弱者のものであったローマ都市の富裕な階級もしだいにキリスト教に改宗するようになる。この頃になると、教会の組織も整えられ、司教が教会の頂点にあって強い指導力をもち、その下に司祭・執事などがおかれ、ローマやエルサレムなどの大教会は他教会を指導するようになった。

皇帝デキウスによる迫害

3世紀の半ばから帝国が危機に陥るなかで宗教の統一を必要とするようになり、皇帝デキウスによる弾圧が始まった。さらに帝国再建を果たした皇帝ディオクレティアヌスは、303年に帝国全域で「大迫害」を命じた。
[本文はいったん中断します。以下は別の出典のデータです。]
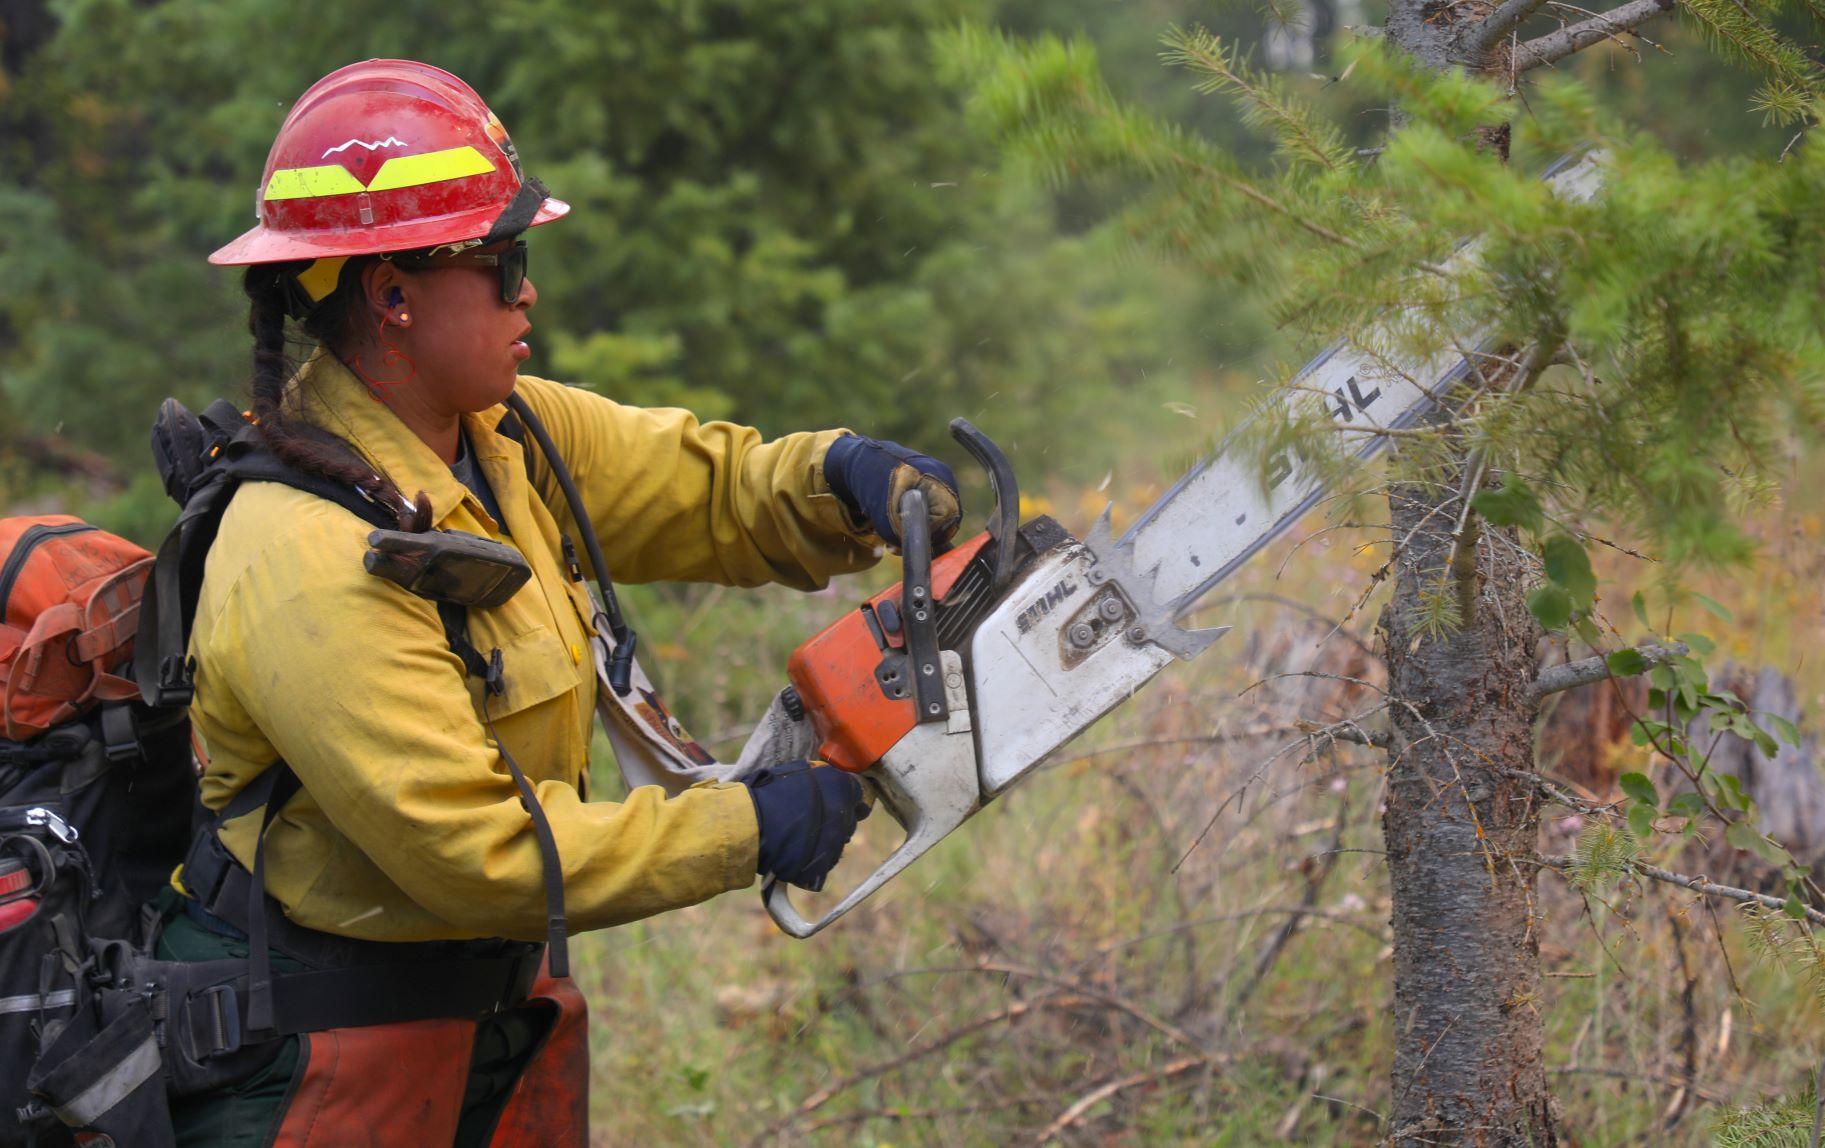 Firefighter conducting saw work.

しかしキリスト教徒は、とくに東方ではローマ帝国内部に広浸透しており、殉教者が続出したものの、迫害は失敗に終わる。

コンスタンティヌス

長らくキリスト教迫害が続いたが、コンスタンティヌスが権力をもつと一転、313年、「ミラノ勅令」を発してキリスト教を公認した。その後東方のリキニウス(位308~324)が迫害を再開するものの、324年にコンスタンティヌスが帝国を統一すると、キリスト教の地位は確かなものとなった。

ニケーア公会議

1世紀から、キリスト教のなかで、神とキリストの関係などについて、論争が繰り返されていた。コンスタンティヌスは325年、ニケーア公会議という宗教会議を主催し、アタナシウス(295頃~373)の主張した、神と神の子キリストが同じ本質をもつという三位一体説が正統とされ、他方キリストの神性を否定し、キリストは神によって創造された人間であるとするアリウス派は退けられた。

ユリアヌス

「背教者」と称されるユリアヌス(位361~363)は、古典文化とギリシア宗教の復興をくわだてキリスト教を抑圧しようとしたが、失敗に終わる。

テオドシウス

キリスト教正統派(カトリック)が確立されていく過程で、テオドシウスはほかの宗教を禁じてキリスト教を国教とした。

国教としてのキリスト教

キリスト教は皇帝の支援をうけると、大都市の教会を中心として組織の巨大化していき、農村にも信者は増えた。キリスト教は免税などの特権によって財政的に恵まれ、貧民への施しも制度化していった。こうした過程で司教は教会だけでなく一般社会や政治に対しても力をもつようにななる。

聖書のラテン語訳

聖書のラテン語訳がヒエロニムス(342頃~420)によって完成し、神学の研究も東西の教会で進められた。

アウグスティヌス

アウグスティヌス(354ー430)は、みずからのキリスト教への改宗の動機をつづった『告白』を著すとともに、当時強まったキリスト教に対しローマ帝国の衰えの責任を問う異教徒の批判に答え、キリストの神の国が地上のローマ帝国などをはるかにこえる永遠性をもつことを論証する『神の国』を書き残した。彼はギリシア哲学とキリスト教思想を結合させようとした教父たちをうけて、その流れを完成し、のちの中世ヨーロッパの神学の発展に大きな影響力を与えた。キリスト教会の正統と異端との論争はなおも続いた。